Figure 3. CD83Tg spleen cells display reduced Ig and increased IL-10 response to LPS stimulation.

3A-D: 2×10⁵ spleen cells derived from sex and age matched C57BL/6 (open squares) or CD83Tg founder 2 (closed squares) were cultured in the presence of LPS (10 µg/ml) or anti-CD3 (145-2C11, 1 µg/ml) or no further stimulus, as indicated on the x-axis. 3AB: Proliferation was estimated after 48h by ³H thymidine incorporation. 3C: Total mouse Ig in the supernatant was measured after seven days by ELISA. Results are presented as relative ELISA units (REU: OD₄₅₀ sample: OD₄₅₀ medium control) of a 1∶1024 dilution. 3D: IL-10 in the supernatant was quantified by ELISA after 48 h. Each dot represents the analysis of an individual mouse (mean of five replicates the SEM not shown, being below 10%).
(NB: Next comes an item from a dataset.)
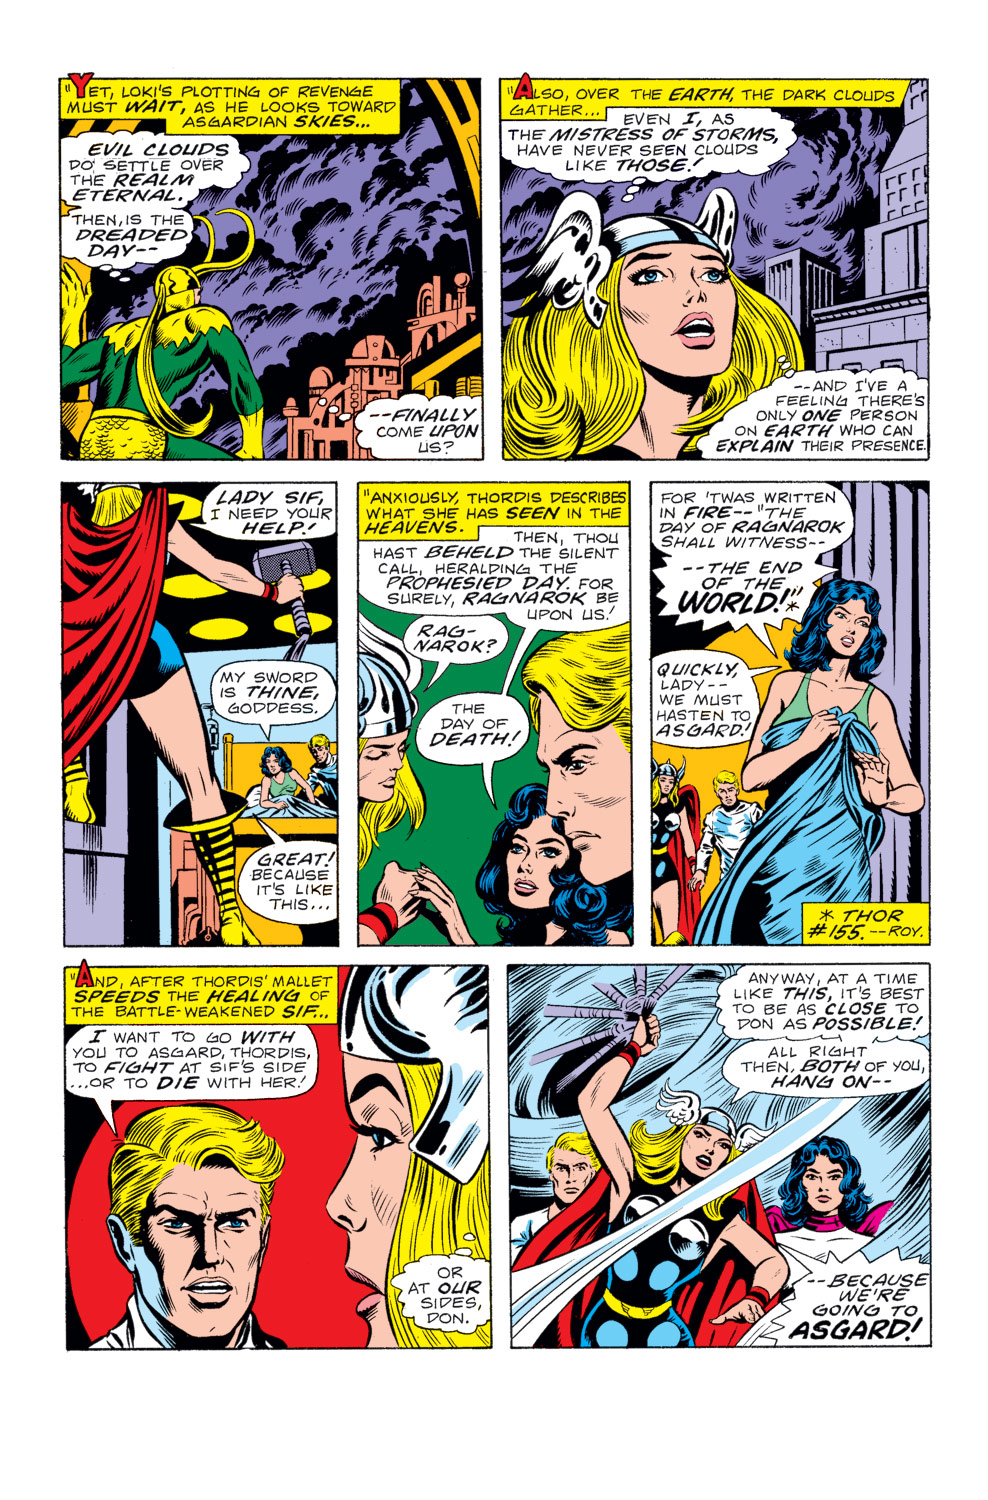 What If? (1977) issue 10 - Jane Foster had found the hammer of Thor - Page 28

The lines indicate the median of all mice analyzed and the asterisks indicate a significant difference of the median (*p<0.05; **p<0.005) employing students t test. 3E: HEL-specific Ig in the serum of six IgHEL Tg mice (open bar) or six IgHEL CD83double Tg mice (black bar) was quantified by ELISA, error bars indicate SEM. 3F: 2×10⁵ spleen cells derived from six IgHEL Tg mice (open bars) or from spleen cells derived from IgHEL CD83 double Tg mice (black bars) were cultivated in vitro for 48 h in the presence of indicated amounts of LPS. HEL-specific Ig in the supernatant was quantified by ELISA and is presented as REU of a 1: 40 dilution. Error bars show SEM of five replicates. This result is representative for five independent experiments.